I don’t have any pictures of them. There weren’t any cameras in farming villages back then. I wish—
They went in the first month of ‘sixty-one. After all the food was gone, and it was still weeks until the Spring Festival. Their arms and legs had shrunk to sticks. Even if it hadn’t been winter, they’d have been too weak to farm. My mother sent a message to her sister—your grandmother—up in the town, begging for help. We waited for a response, but there was nothing, and then my mother simply didn’t wake up one day. My father said the ground was too hard to bury her, we’d have to wait, but the next day he was dead too.
I was six but I’m sure I looked younger, from malnutrition. I just sat there the first two days, hoping someone would come. It was viciously cold. Finally I put on my coat and walked out. There was so much snow, no one had cleared a path. My shoes were too thin to walk far. I knocked on our neighbours’ doors—no answer. Maybe they’d all fled, or were hiding. No one needed another hungry child. The village hadn’t been a friendly place for a long time—people accusing each other of stealing food or hoarding. As I walked back, I noticed all the tree trunks had been scraped completely smooth, all the bark gone.
Back home, I just wanted my parents to wake up, or to go to sleep myself. I was more tired than I’d ever been. There was nothing in the house at all, we’d turned our furniture into firewood weeks ago. I lay down next to my mother, but her body was stone cold. Just the three of us, flat on the dirt floor. I was as still as them.
I imagined my mother singing to me, but the words kept slipping out of my head. Every time I opened my eyes again, the light was doing something different. Sunrise. Moon. I kept drifting in and out. Then finally the cold and the pain in my stomach were so strong they kept me awake, but without the energy to move. I just lay there, watching the shadows cross the floor.
If only my mother had been able to soothe me. On nights when I couldn’t sleep, she sometimes let me suck on her fingers. Very slowly, an inch at a time, I turned myself around so I could take her thumb in my mouth. It felt so good holding it there. After a while, I bit.
I don’t like to think about this. The liquid flowed into my mouth, making me feel stronger. It was wonderful having something to chew again, the sensation of my teeth coming back to life. She was so stiff, but I licked and nibbled tenderly, like a little cat. It was gentle, just my mother nurturing me. I don’t know how many days this lasted. By the time my uncle came from town, he found me lying there unconscious. He screamed when he saw what had happened, he said, but I didn’t come round. Both my mother’s arms were bare of flesh, all the way to the elbow.
He brought me away as quickly as he could, not even stopping to deal with the bodies. I was sick for a long time after that. All that uncooked meat. But I was alive. And I couldn’t stop thinking—even after I was healthy again, it stayed with me—of scraping my teeth against her long arm bone, trying to get the last shreds of flesh. They tasted so very good.

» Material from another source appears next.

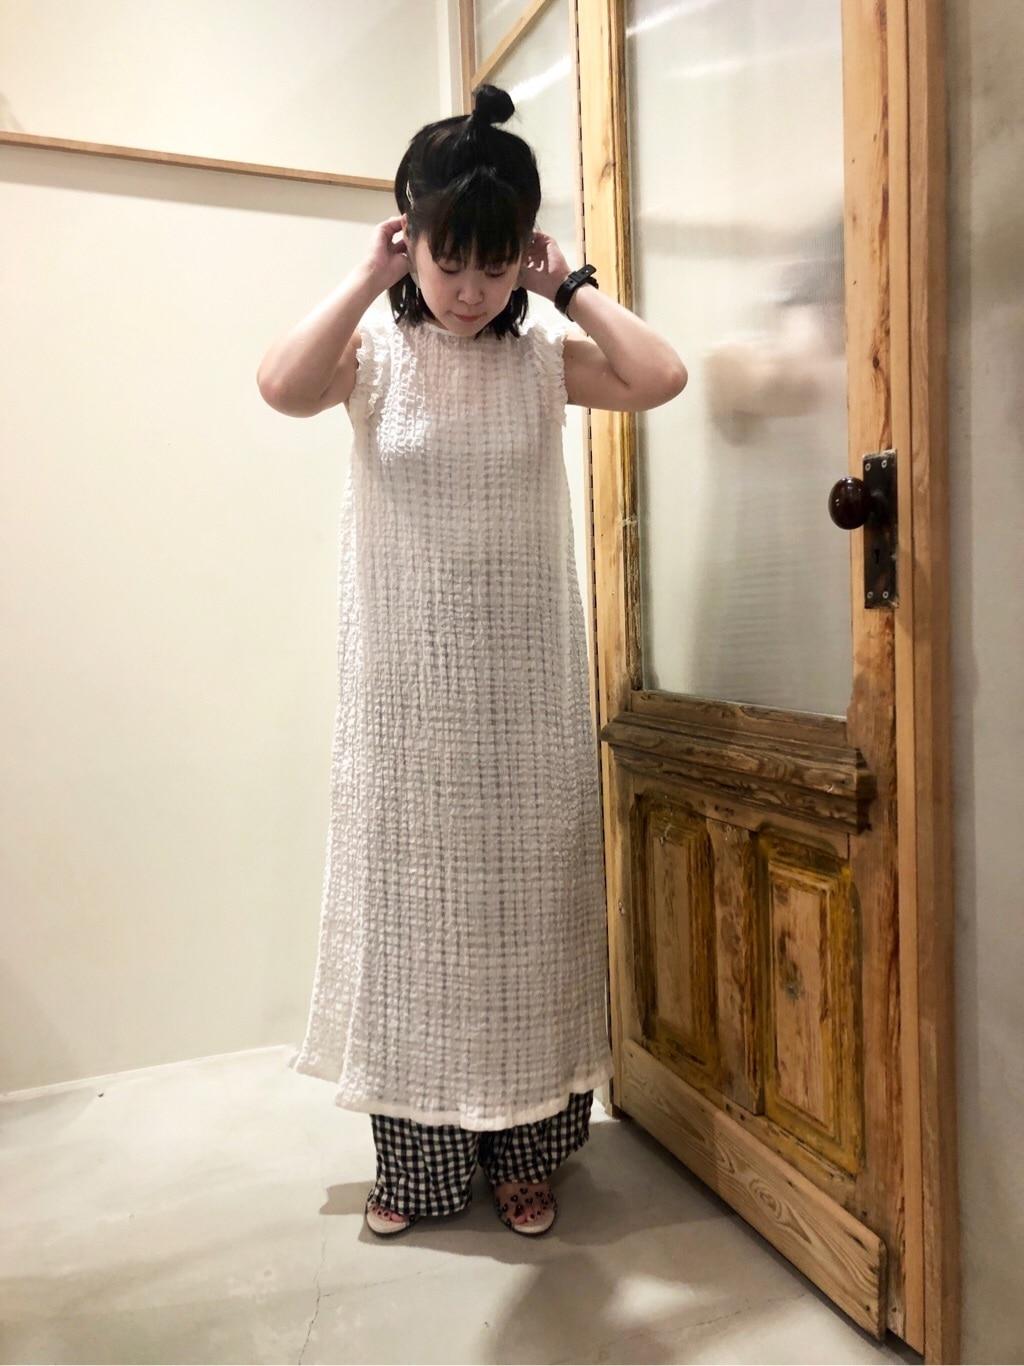 bulle de savon 渋谷スクランブルスクエア 身長:157cm 2020.06.23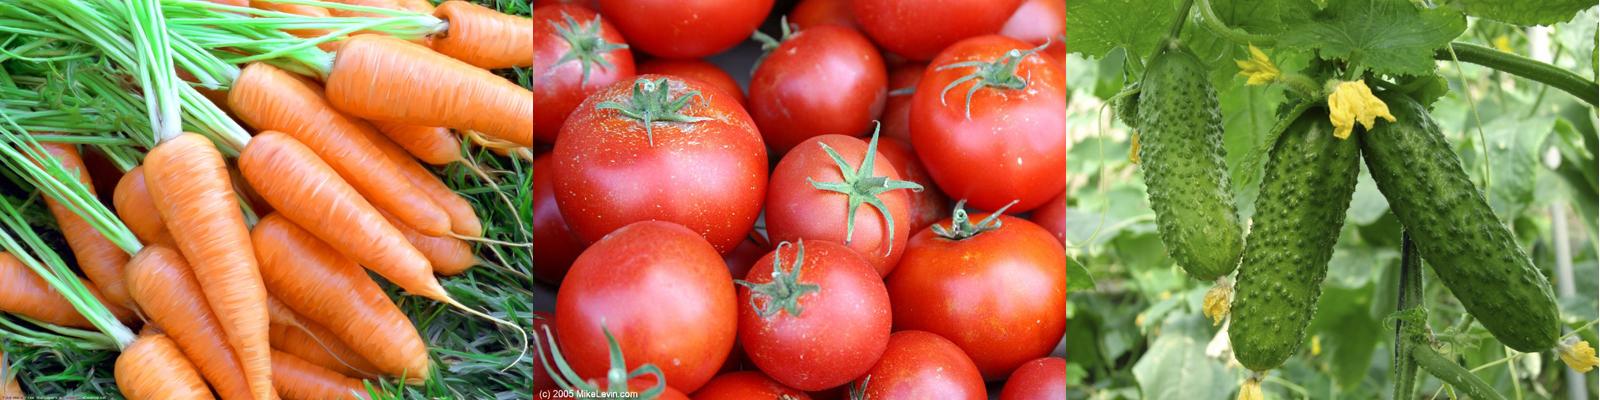 томат, морковь, огурцы

Do you understand why your mom and I never talk about that time? Why we can’t go back? So that’s why we’re leaving, all of us. If Hong Kong is returning to China, then we’ll find somewhere else to live. I can’t be in China again. We ran away once, and we will run again. There’s no shame in escape. We have to do what we can, to preserve ourselves.
You’ll stop being troublesome, Mui Foong? You’ll be sensible, and come to London, and keep living well?
Good. I knew you’d see sense. Your mom will be so pleased.
Why have you stopped? So much food left. Come on, eat, eat some more! So skinny, you are. We need to put some meat on those bones.